Many teams react by avoiding PATCH, or by using JSON Merge Patch when updates are simple enough that “just send the new object shape” feels easier. That is a reasonable trade-off a lot of the time. Merge Patch is a good fit for coarse object updates where array handling, explicit deletions, and per-operation semantics do not matter much.

JsonPatchX is for the cases where they do.

Those cases show up quickly in real systems. Browser clients, internal tools, third-party integrations, and increasingly LLM-generated patches all cross trust boundaries. At that point, a route usually needs more than “send me a list of patch dicts and I’ll try to apply them.”

What changes when PATCH becomes a contract

Once PATCH is part of an API surface, you usually care about things like:

  • whether the request body is validated before mutation
  • whether the patched result is validated as the target model
  • whether OpenAPI matches what the route actually accepts
  • whether one endpoint should accept a smaller mutation vocabulary than another
  • whether repeated domain mutations should have their own named operations
  • whether exact-path addressing is enough, or query-style targeting would be clearer

That is the contract layer JsonPatchX adds.
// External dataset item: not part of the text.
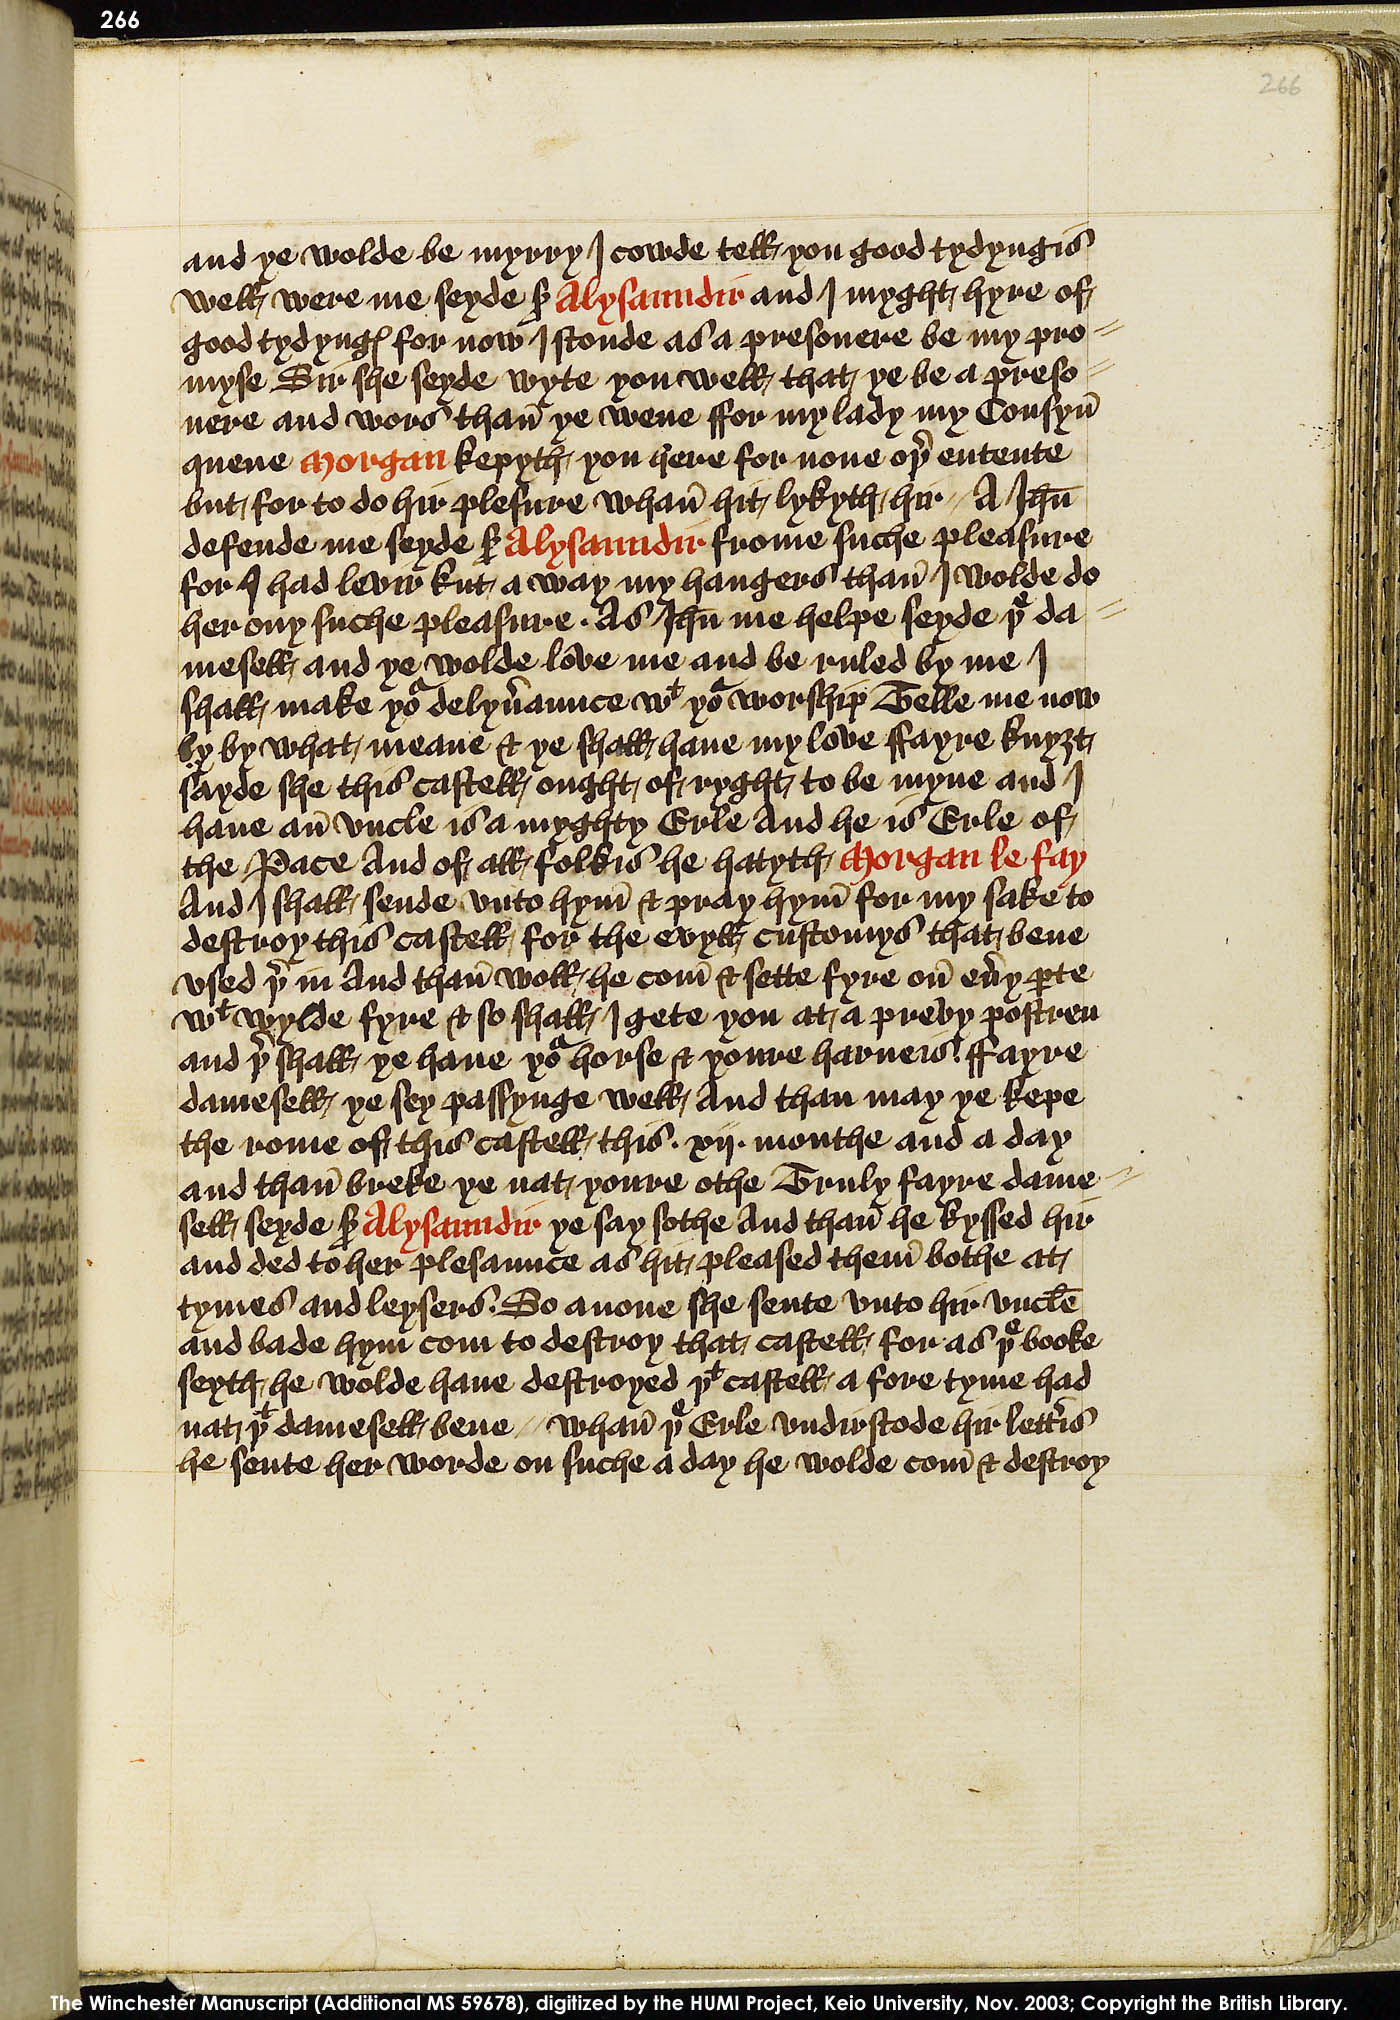 Folio 266r

It is still JSON Patch at the bottom. The difference is that the patch layer stops being anonymous.

Why not just use Merge Patch

Merge Patch stays attractive because it is simple to explain and simple to generate. For some APIs, that simplicity wins.

But it comes with different trade-offs. It is much less explicit about mutation intent. It gets awkward once arrays matter. It is not a good fit when you want operation-level policy, extension, or stable error semantics around specific kinds of mutations.

JsonPatchX is not trying to replace Merge Patch everywhere. It is for APIs that want the precision of patch operations, plus a cleaner way to govern them.

You do not have to buy into the whole vision

The User Guide starts with plain RFC 6902 because that keeps the moving parts small. That is a learning path, not a demand.

You can use JsonPatchX in layers:

  • use JsonPatch for plain standard JSON Patch
  • use JsonPatchFor[Target] when PATCH becomes part of a FastAPI contract
  • use JsonPatchFor[Target, Registry] when different endpoints or environments need different operation sets
  • add custom operations or JSONSelector only where the domain really needs them

That progression matters. JsonPatchX should feel usable on day one even if you never adopt the whole idea.

Where this is heading

JSON Patch has stayed deliberately small for a long time. JSONPath now has a standard. That makes this a good moment to experiment with richer PATCH contracts without throwing away the RFC core.

JsonPatchX is meant to be a serious place to do that.

Keep standard JSON Patch easy. Keep extensions explicit. Try better targeting, better operation semantics, and better governance in production-sized systems. Let the good ideas survive.